◆ **Aim of the exercise**
The copy you return must match the listing word for word and carry no pictures.

◆ **Information shown**
────────────────
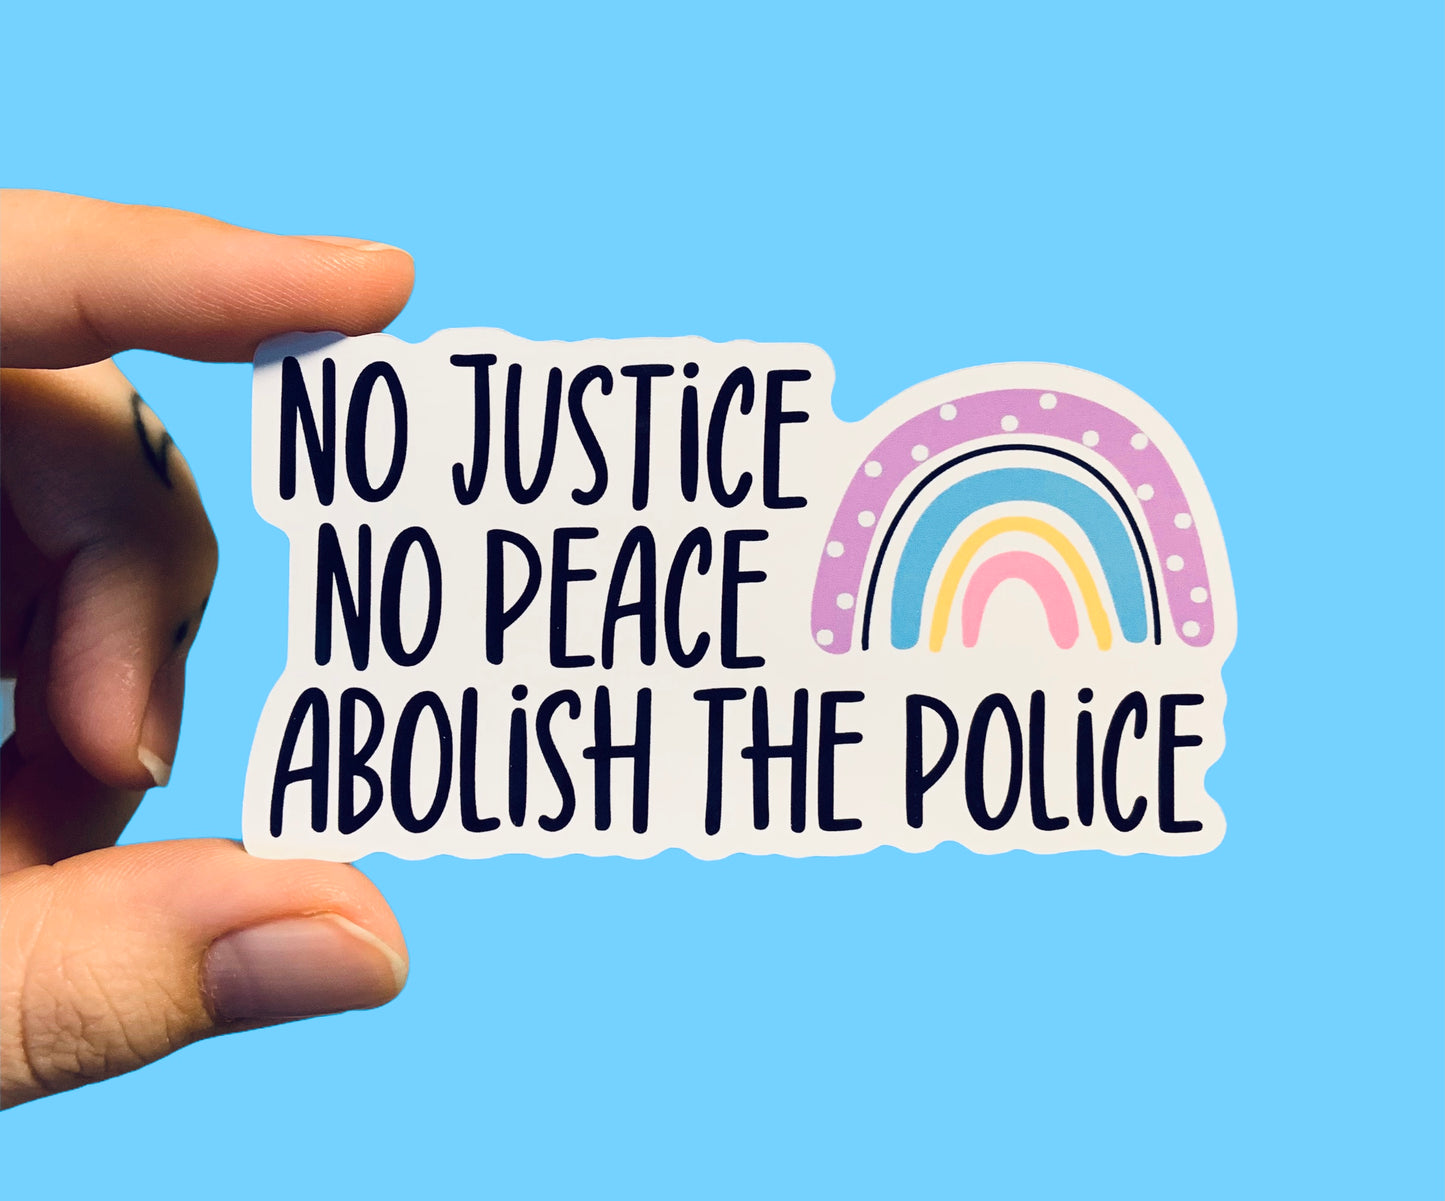 No justice no peace abolish the police (pack of 3 or 5 stickers)
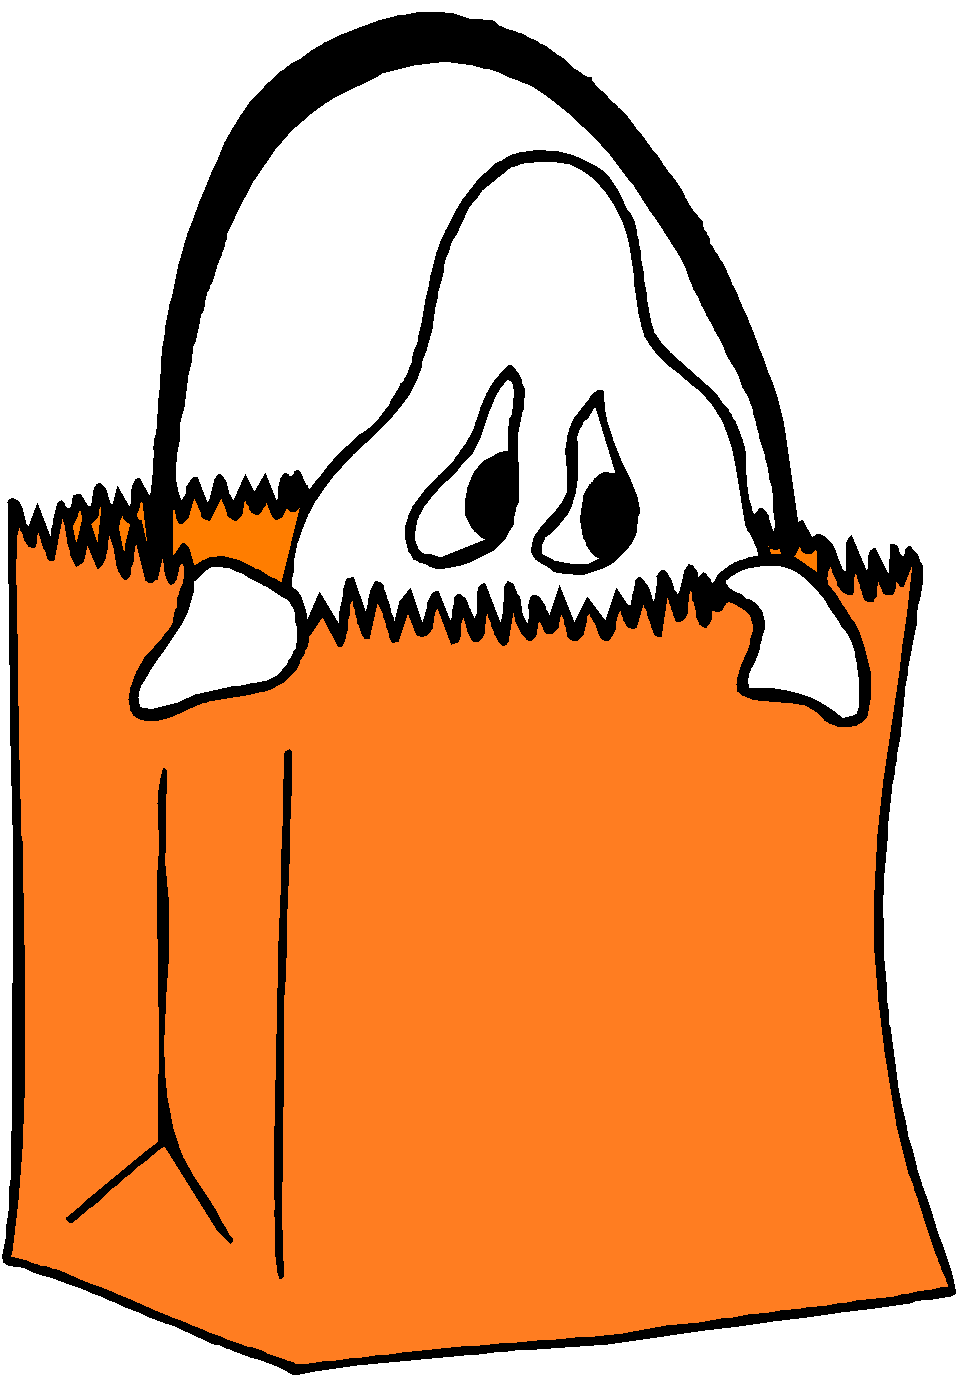 Clipart ghost october. Fatal foodies poo
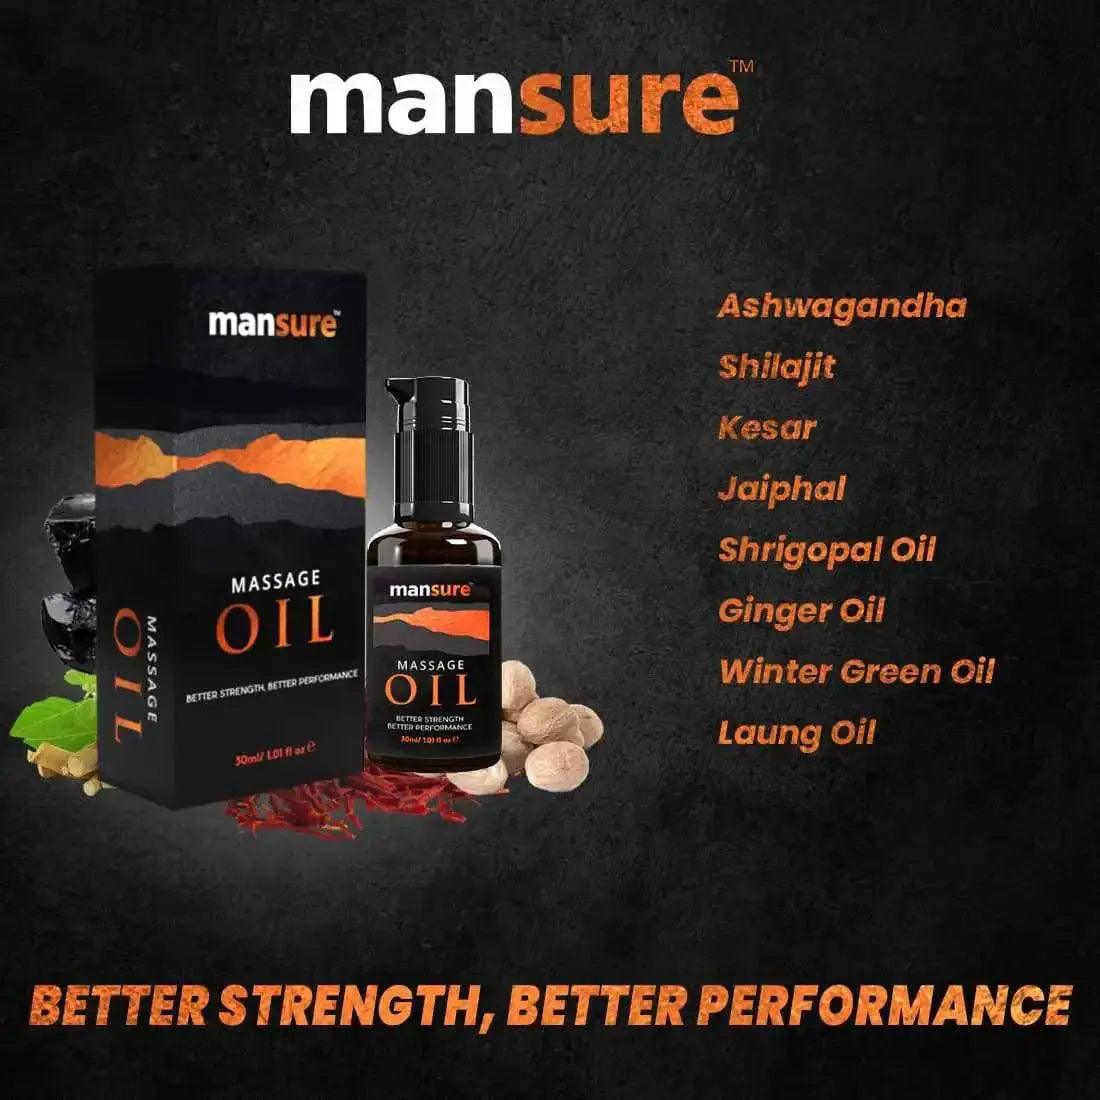 ManSure Massage Oil For Men's Health is Made From Premium Ingredients Such as Shilajit, Kesar and Shrigopal Oil
────────────────
◆ **Response box**
 No justice no peace abolish the police (pack of 3 or 5 stickers)
 Clipart ghost october. Fatal foodies poo
 ManSure Massage Oil For Men's Health is Made From Premium Ingredients Such as Shilajit, Kesar and Shrigopal Oil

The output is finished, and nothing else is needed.